#### EXTRACTED ENTRIES

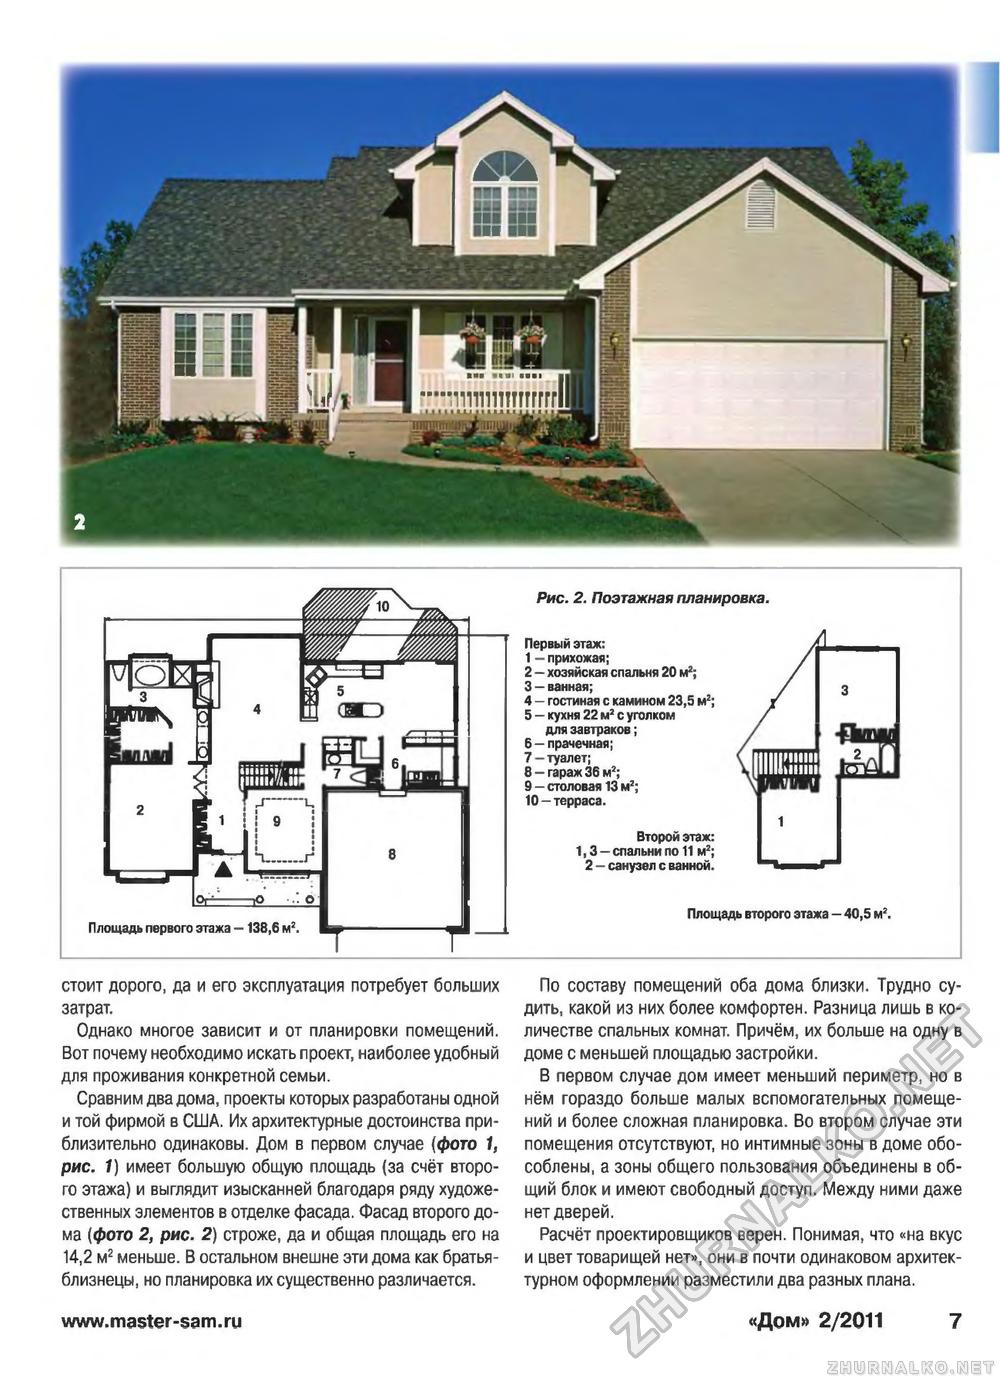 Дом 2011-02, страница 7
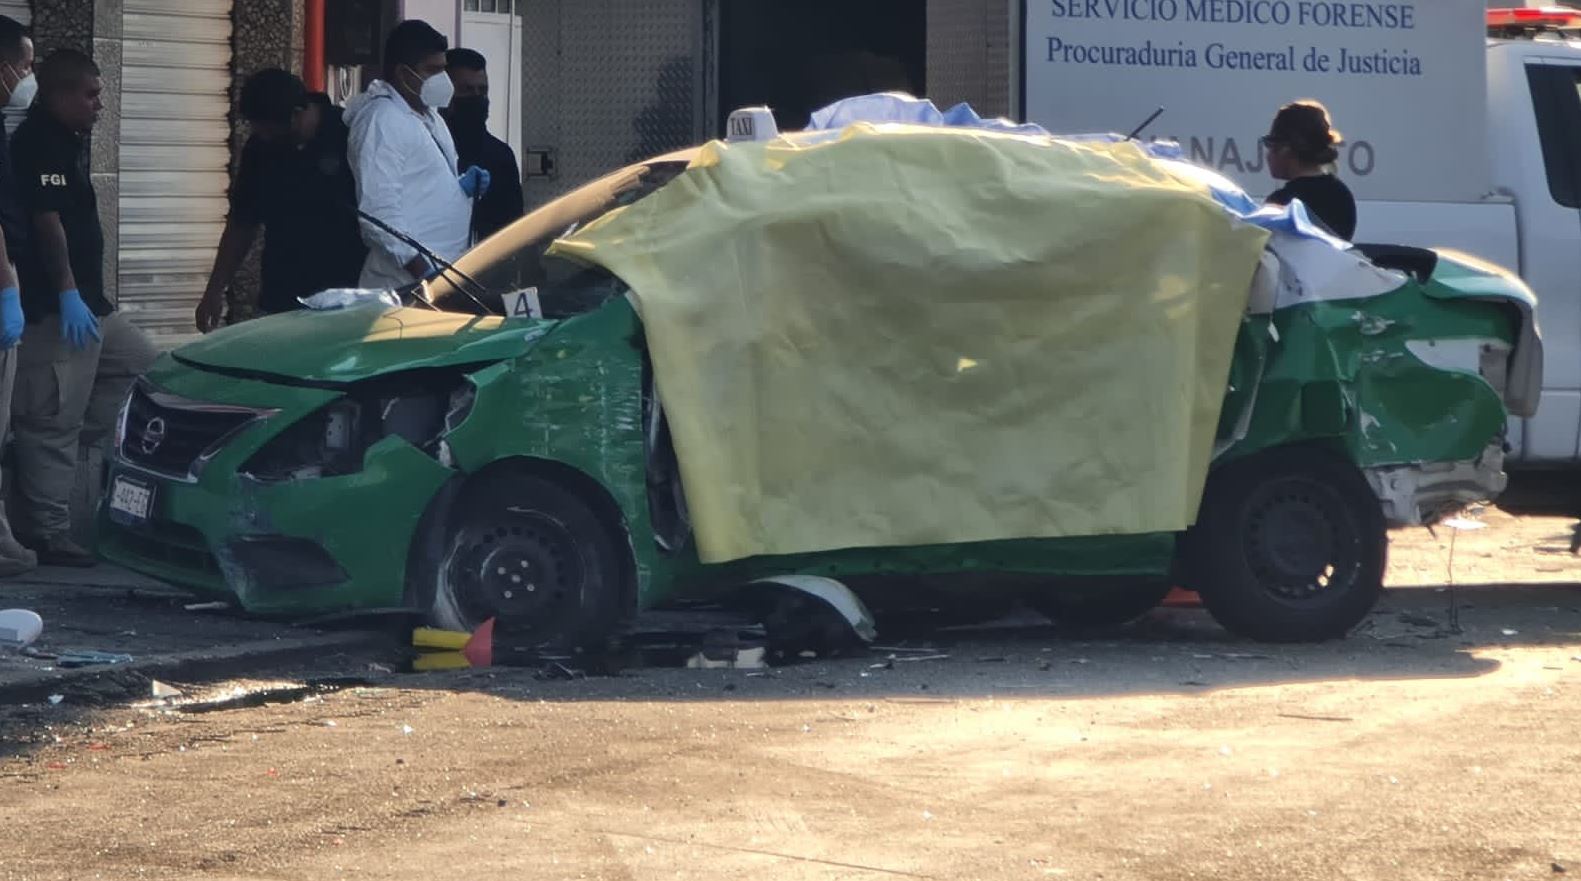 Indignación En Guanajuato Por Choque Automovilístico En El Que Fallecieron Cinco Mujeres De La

########
#### EXTRACTED ENTRIES

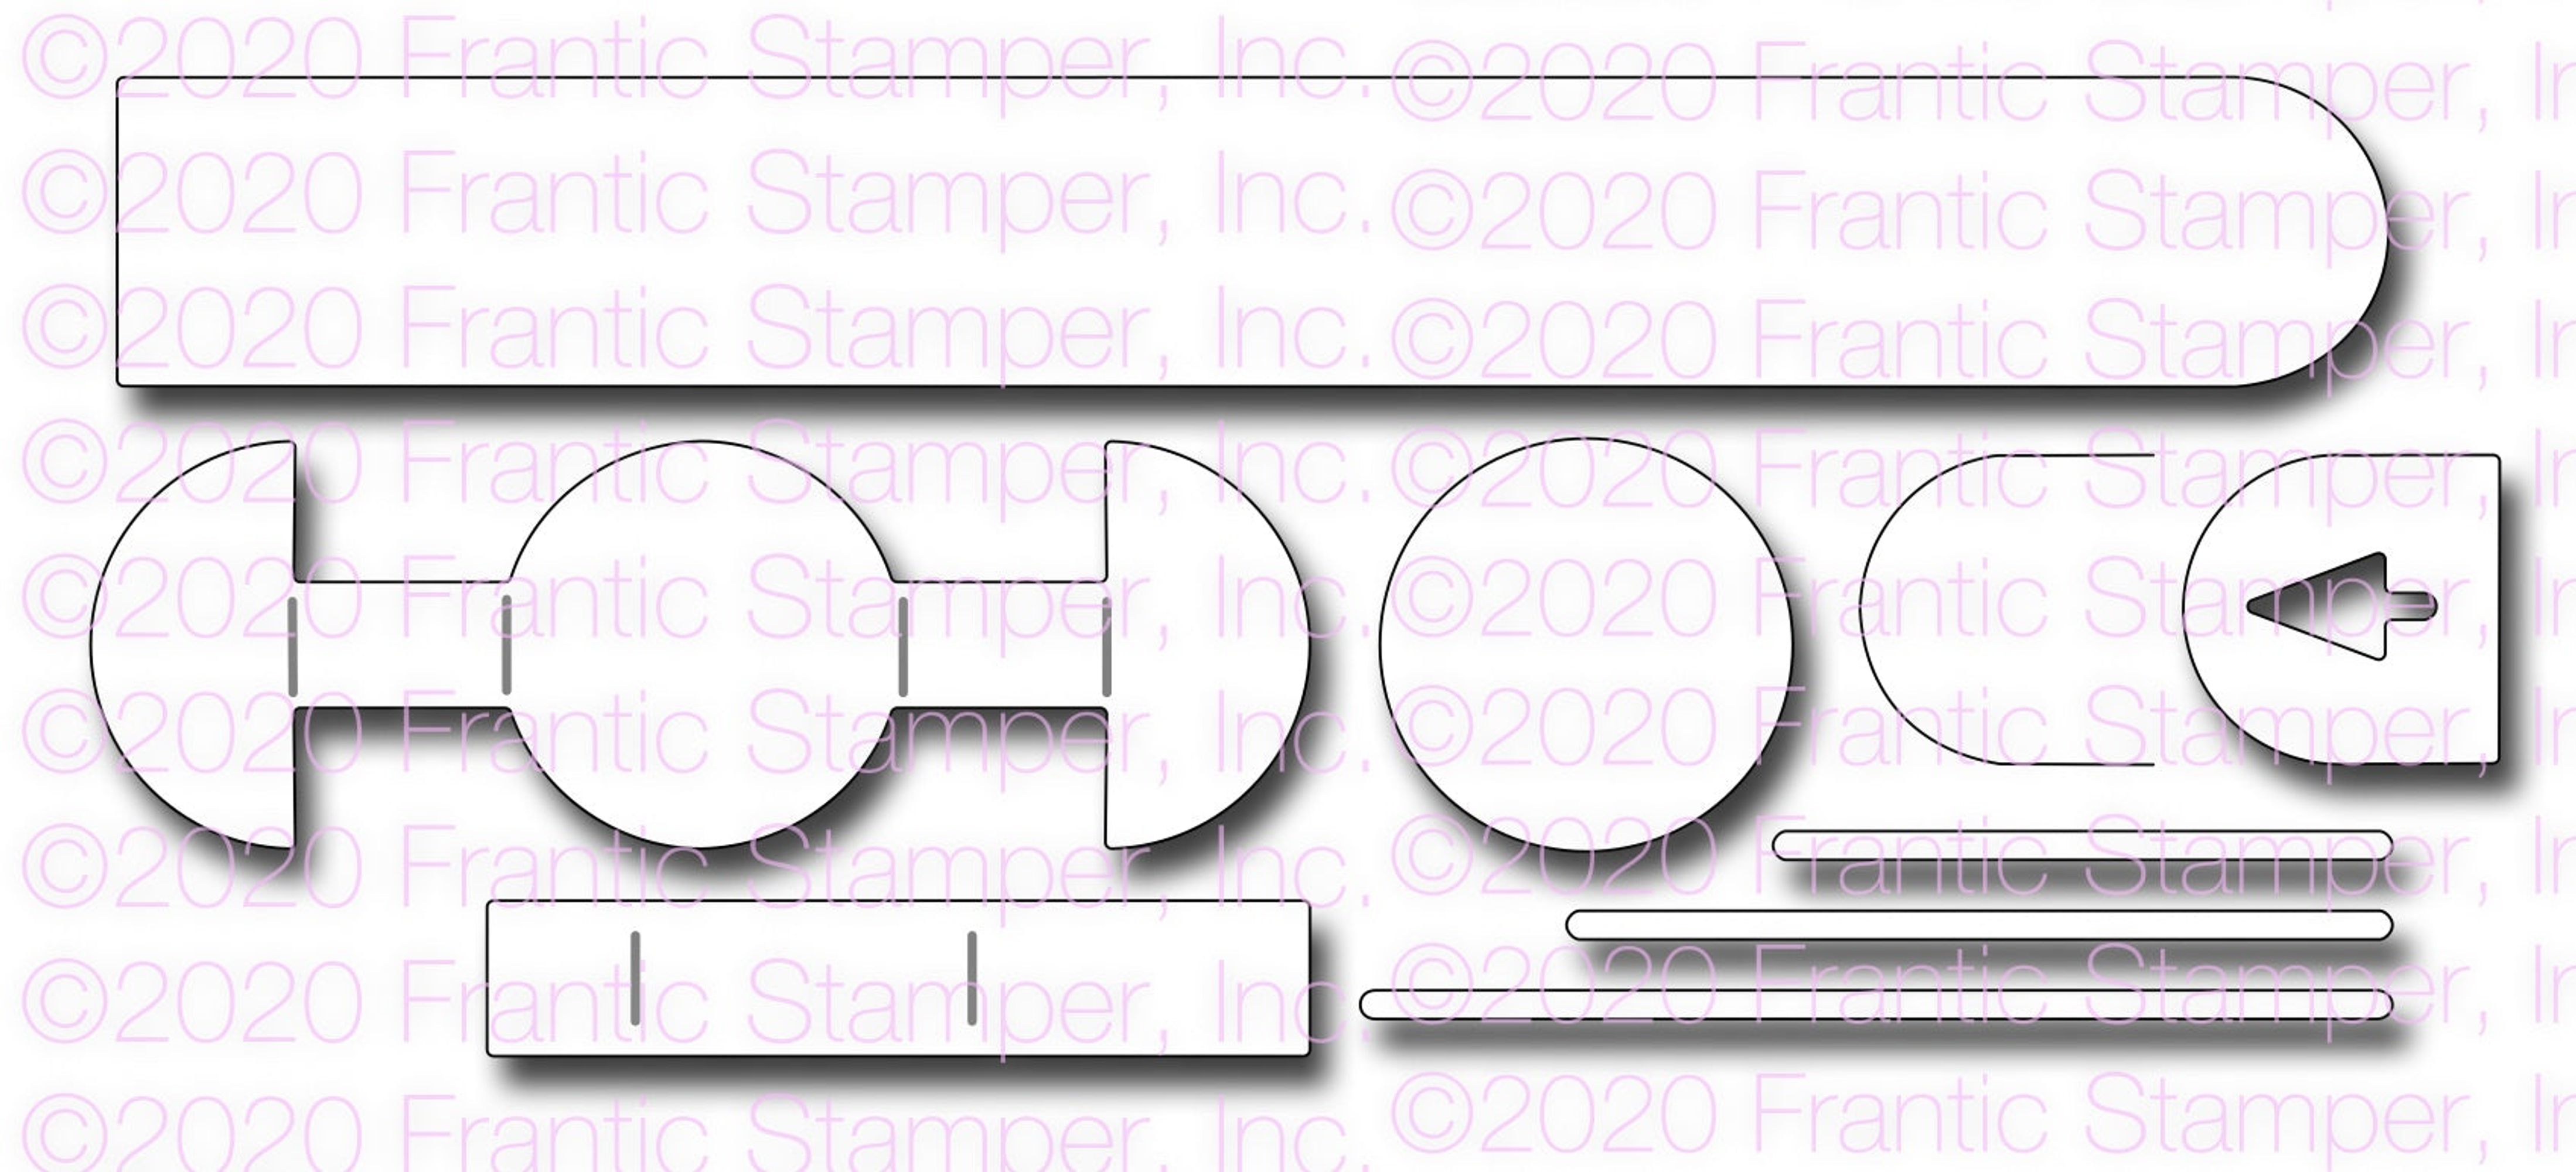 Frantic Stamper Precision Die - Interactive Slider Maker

########
#### EXTRACTED ENTRIES

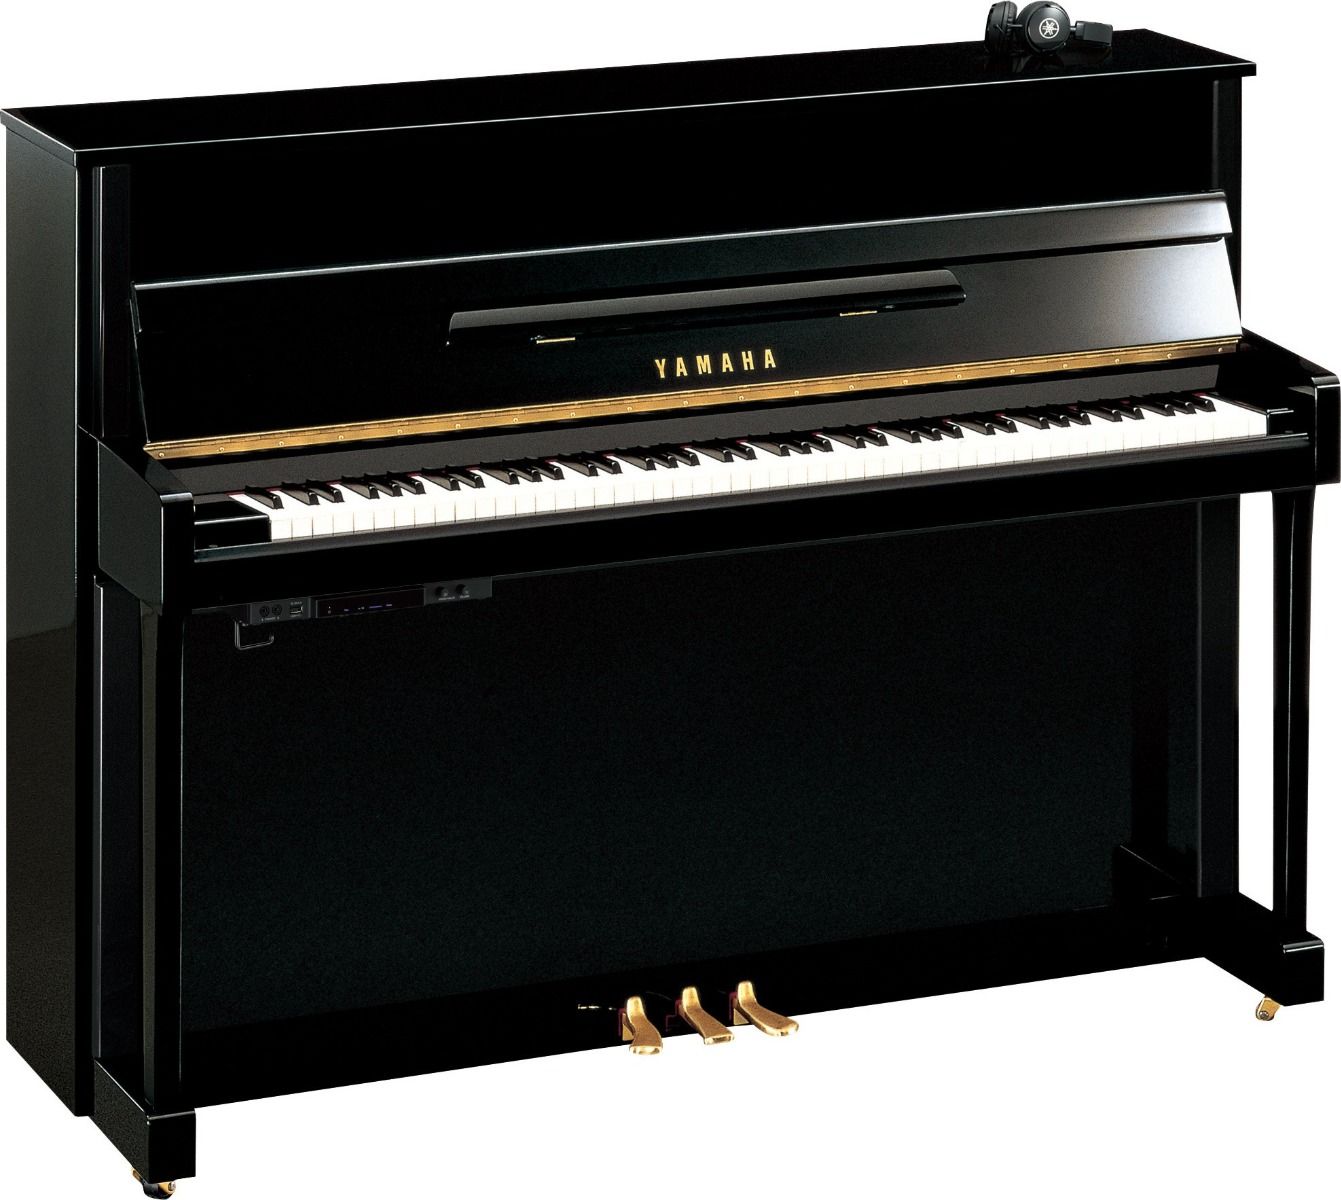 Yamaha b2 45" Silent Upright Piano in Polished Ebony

########

DIRECTIONS FOR THIS TASK
Everything from the line with "Дом 2011-02, страница 7" down to the line with "Indignación En Guanajuato" in the data above should be copied exactly, with both end lines kept and the pictures left out.

ANSWER SECTION
 Дом 2011-02, страница 7
 Indignación En Guanajuato Por Choque Automovilístico En El Que Fallecieron Cinco Mujeres De La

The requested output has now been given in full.